**Records to process:**
- - - -

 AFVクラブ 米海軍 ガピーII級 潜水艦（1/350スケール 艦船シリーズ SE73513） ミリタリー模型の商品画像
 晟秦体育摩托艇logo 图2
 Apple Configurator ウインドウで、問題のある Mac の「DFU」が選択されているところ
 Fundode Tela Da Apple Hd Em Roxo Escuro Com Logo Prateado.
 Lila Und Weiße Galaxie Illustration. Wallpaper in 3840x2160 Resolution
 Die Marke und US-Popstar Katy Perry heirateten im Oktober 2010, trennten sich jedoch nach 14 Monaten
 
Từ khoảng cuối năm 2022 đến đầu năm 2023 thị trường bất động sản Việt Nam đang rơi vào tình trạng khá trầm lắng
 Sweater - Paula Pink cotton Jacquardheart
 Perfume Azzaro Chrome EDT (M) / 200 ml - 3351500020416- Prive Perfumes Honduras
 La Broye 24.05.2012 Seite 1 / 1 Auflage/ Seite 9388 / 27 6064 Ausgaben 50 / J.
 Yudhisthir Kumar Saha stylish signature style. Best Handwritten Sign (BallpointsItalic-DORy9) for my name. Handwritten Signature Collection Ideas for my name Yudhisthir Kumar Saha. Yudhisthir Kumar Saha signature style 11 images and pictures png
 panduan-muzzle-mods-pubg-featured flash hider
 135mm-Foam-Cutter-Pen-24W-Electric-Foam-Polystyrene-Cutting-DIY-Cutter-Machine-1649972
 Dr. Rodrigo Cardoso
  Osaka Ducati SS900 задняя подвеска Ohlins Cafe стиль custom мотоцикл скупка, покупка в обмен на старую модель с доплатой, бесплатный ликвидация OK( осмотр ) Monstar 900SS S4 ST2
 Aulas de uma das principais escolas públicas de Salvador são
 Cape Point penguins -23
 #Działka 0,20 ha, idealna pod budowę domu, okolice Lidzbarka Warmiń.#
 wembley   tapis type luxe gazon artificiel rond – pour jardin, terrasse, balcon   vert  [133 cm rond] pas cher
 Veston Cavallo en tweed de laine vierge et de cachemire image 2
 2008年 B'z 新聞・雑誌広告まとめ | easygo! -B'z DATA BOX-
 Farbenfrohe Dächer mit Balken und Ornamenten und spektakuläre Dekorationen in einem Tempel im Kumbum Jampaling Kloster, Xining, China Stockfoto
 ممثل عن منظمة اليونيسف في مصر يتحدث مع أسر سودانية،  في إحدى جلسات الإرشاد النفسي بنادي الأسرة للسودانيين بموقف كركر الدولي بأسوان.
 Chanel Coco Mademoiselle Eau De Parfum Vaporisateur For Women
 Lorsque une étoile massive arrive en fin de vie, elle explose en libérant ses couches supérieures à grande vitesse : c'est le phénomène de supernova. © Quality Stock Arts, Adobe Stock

- - - -

**Exercise objective:**
Where the listing above reaches the line that contains "Lila Und Weiße", start retyping, and finish with the line that contains "Chanel Coco Mademoiselle"; reproduce those lines exactly and no others.

**Response:**
 Lila Und Weiße Galaxie Illustration. Wallpaper in 3840x2160 Resolution
 Die Marke und US-Popstar Katy Perry heirateten im Oktober 2010, trennten sich jedoch nach 14 Monaten
 
Từ khoảng cuối năm 2022 đến đầu năm 2023 thị trường bất động sản Việt Nam đang rơi vào tình trạng khá trầm lắng
 Sweater - Paula Pink cotton Jacquardheart
 Perfume Azzaro Chrome EDT (M) / 200 ml - 3351500020416- Prive Perfumes Honduras
 La Broye 24.05.2012 Seite 1 / 1 Auflage/ Seite 9388 / 27 6064 Ausgaben 50 / J.
 Yudhisthir Kumar Saha stylish signature style. Best Handwritten Sign (BallpointsItalic-DORy9) for my name. Handwritten Signature Collection Ideas for my name Yudhisthir Kumar Saha. Yudhisthir Kumar Saha signature style 11 images and pictures png
 panduan-muzzle-mods-pubg-featured flash hider
 135mm-Foam-Cutter-Pen-24W-Electric-Foam-Polystyrene-Cutting-DIY-Cutter-Machine-1649972
 Dr. Rodrigo Cardoso
  Osaka Ducati SS900 задняя подвеска Ohlins Cafe стиль custom мотоцикл скупка, покупка в обмен на старую модель с доплатой, бесплатный ликвидация OK( осмотр ) Monstar 900SS S4 ST2
 Aulas de uma das principais escolas públicas de Salvador são
 Cape Point penguins -23
 #Działka 0,20 ha, idealna pod budowę domu, okolice Lidzbarka Warmiń.#
 wembley   tapis type luxe gazon artificiel rond – pour jardin, terrasse, balcon   vert  [133 cm rond] pas cher
 Veston Cavallo en tweed de laine vierge et de cachemire image 2
 2008年 B'z 新聞・雑誌広告まとめ | easygo! -B'z DATA BOX-
 Farbenfrohe Dächer mit Balken und Ornamenten und spektakuläre Dekorationen in einem Tempel im Kumbum Jampaling Kloster, Xining, China Stockfoto
 ممثل عن منظمة اليونيسف في مصر يتحدث مع أسر سودانية،  في إحدى جلسات الإرشاد النفسي بنادي الأسرة للسودانيين بموقف كركر الدولي بأسوان.
 Chanel Coco Mademoiselle Eau De Parfum Vaporisateur For Women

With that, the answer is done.